Most governments in the world, including most western ones, have a long history of regulations and legal restrictions on gambling. Maybe the Chinese are ahead of the curve in recognizing the similarities in the video game industry.
Is steam available in China? If not, what platforms do people use? Do you really only get about 15% of the sale price before taxes? I’m making a game of my own and am just curious for the future
Steam is available in China, but it's a separate "instance" ran independently of worldwide Steam with a curated list of AAA games, so without the abundance of content and freedom to publish for everyone.
Generally if you want to publish in China I'd say either "don't" and just release a Chinese localization in global stores, if you think that you will have a target audience in China, or find a huge publisher that will help you out.
> Steam is available in China, but it's a separate "instance"
Not yet. Despite various sources saying it is "near", the separate "instance" has not been up for now.
The main Steam store works in China for the past few years, and it's what everyone uses. Yes, I mean I can buy a copy of Devotion on Steam with Alipay (or Wechat Pay) + RMB, download and play it without messing with anything. I have no idea why it hasn't been banned though.

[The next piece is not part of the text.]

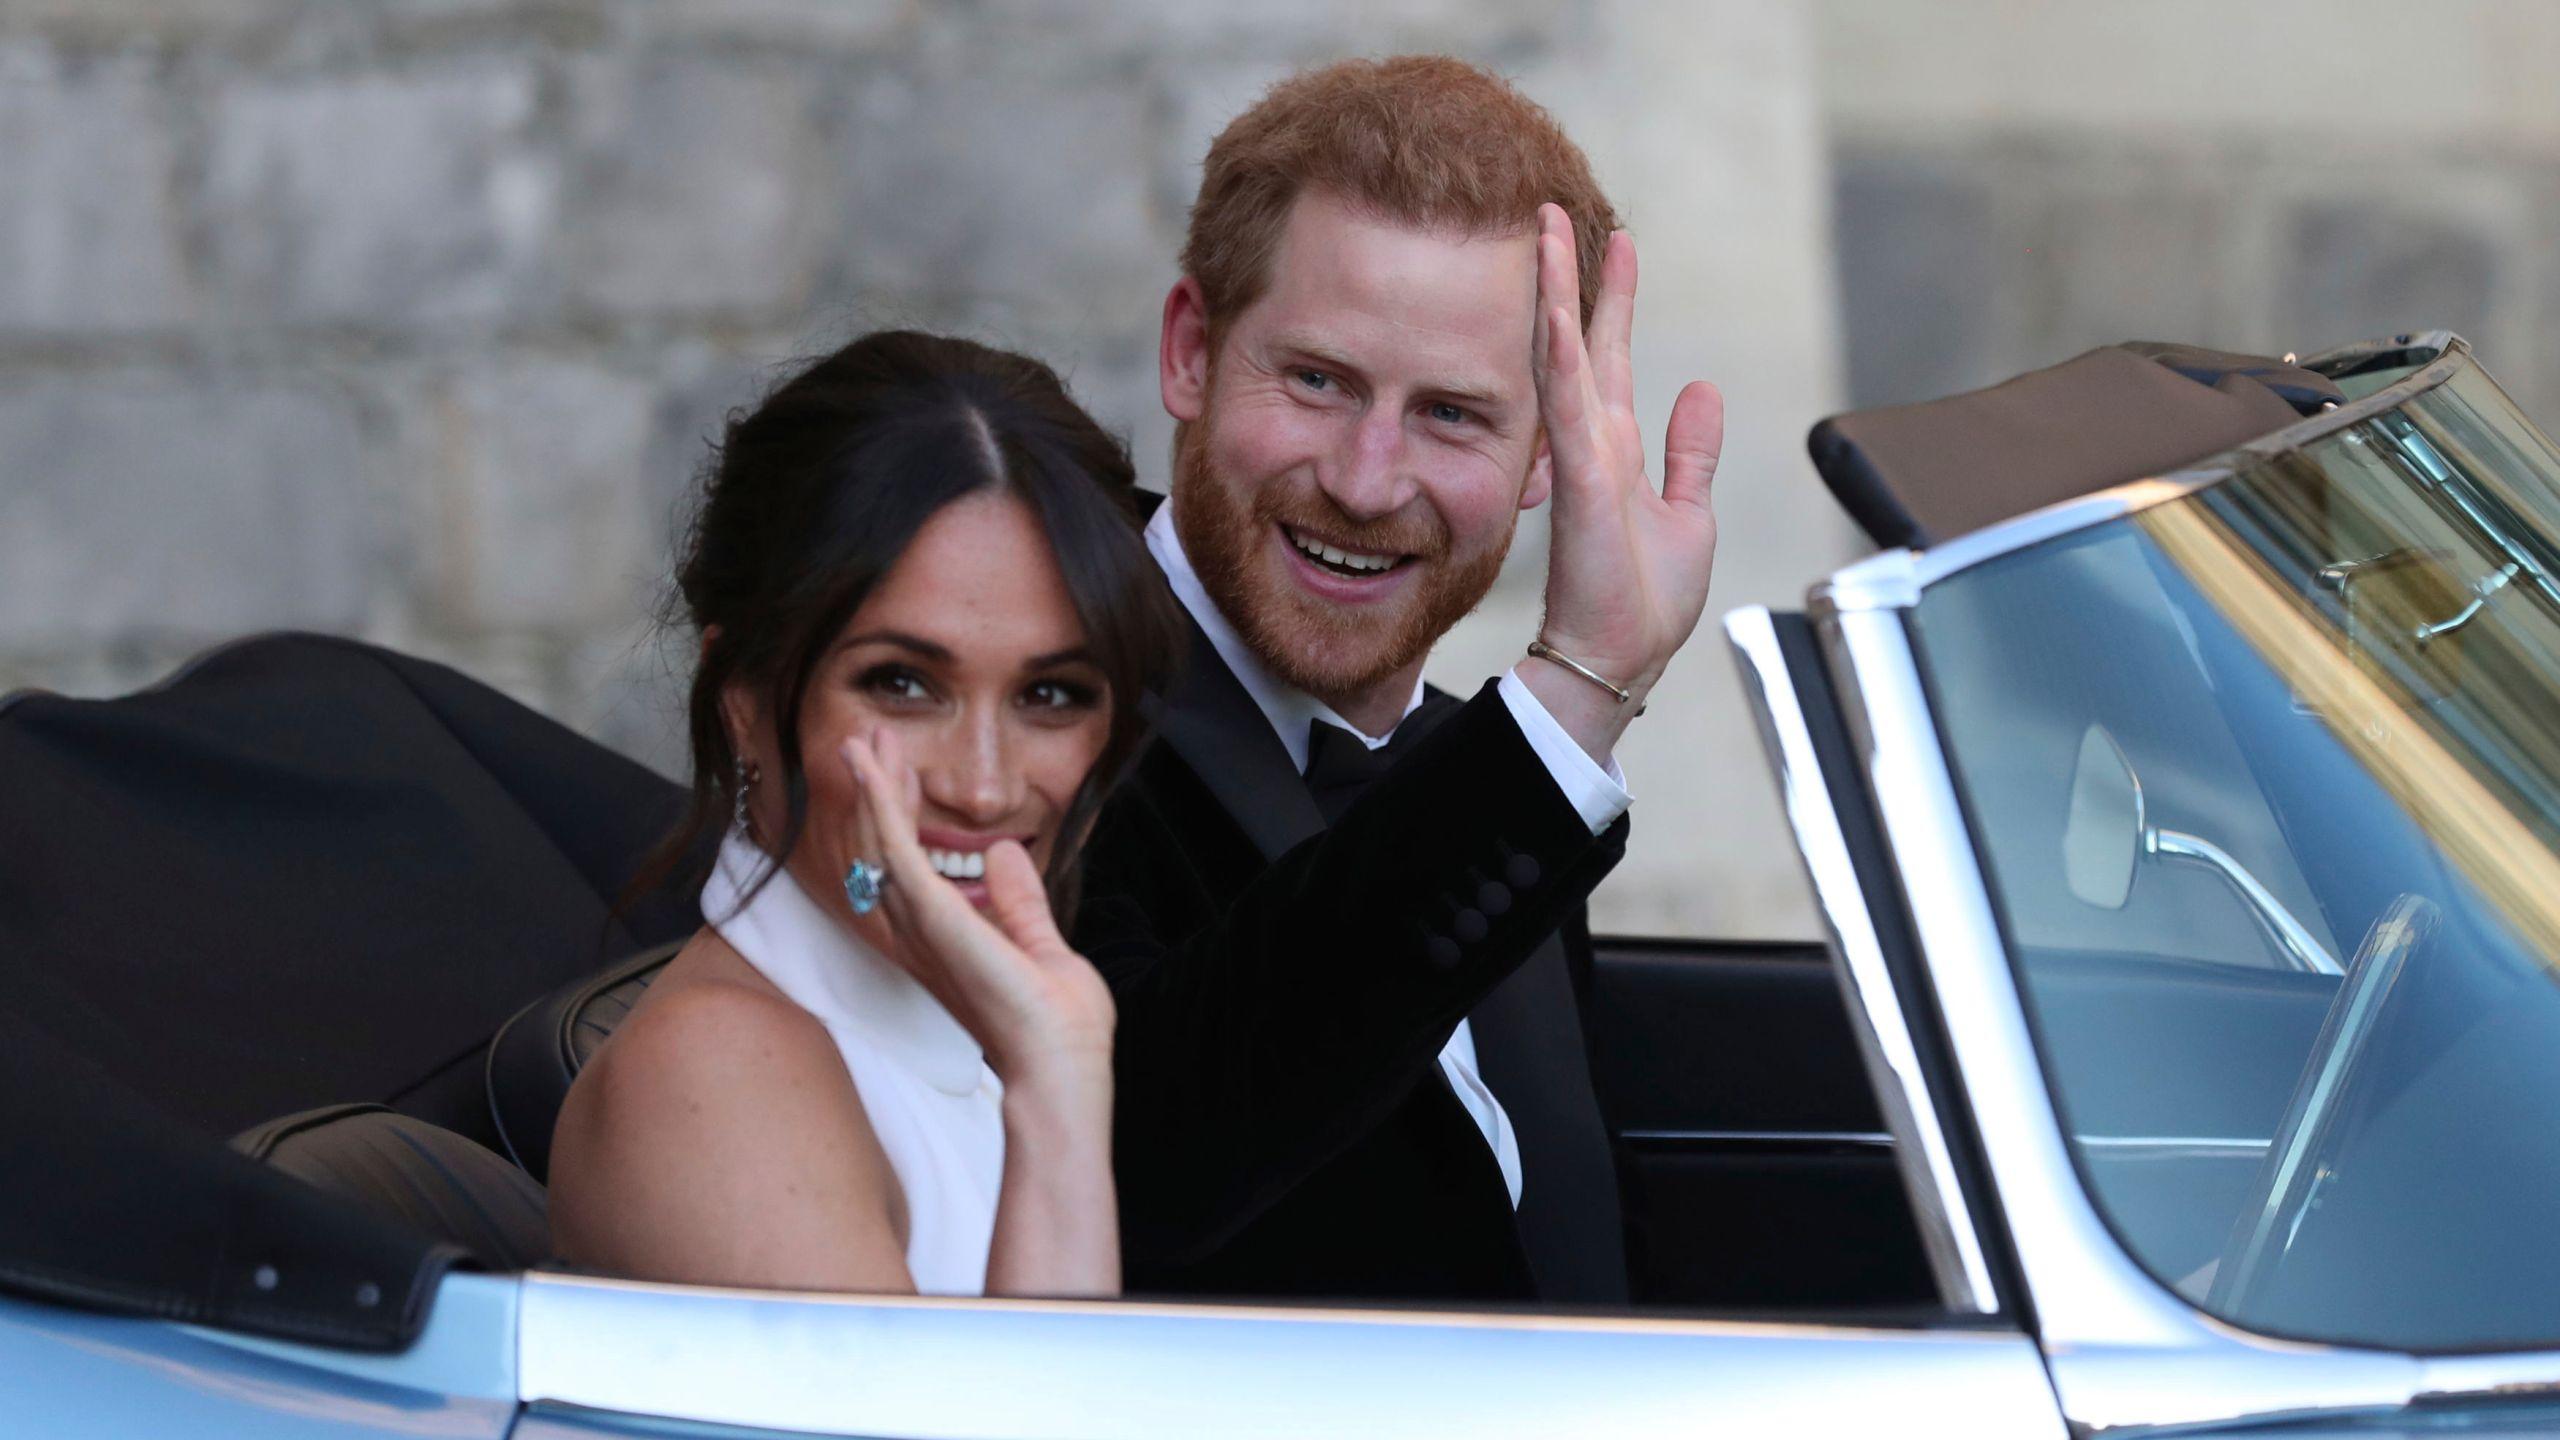 APTOPIX_Britain_Royal_Wedding_24942-159532.jpg77095460

The Steam Community pages did get GFW-ed, just as every other sites hosting UGC without censorship[1].
[1]: If it is not, it's usually just a "Five demands not one less" away from being banned. Even scratch.mit.edu.
Could you help shedding light on how this myth spreads? Like, where did you read about this myth? I have seen it mentioned on HN/Reddit multiple times and can't find the source.
After they bought League of Legends, they "updated" several dozen paid skins, some worth significant money apparently without communicating to Riot Games (the company directly in control of LoL, or rather the one who once was) or the player base. The quality of the update was mediocre to laughable.
Reversion/Fixing took month and there was never any apology IIRC.
Also, putting money into an indie game dev vs. putting money into a CRP-controled conglomerate which is silently buying more and more media may or may not be a morally different endeavor for someone.
Perhaps, but is that a problem? Isn't it a good thing when interests are aligned? Tesla looked at the situation and they are fine with it, otherwise they wouldn't be there.
Allowing majority foreign ownershipnis a process that has been ongoing for years. Every year, more parts of the Chinese economy open up.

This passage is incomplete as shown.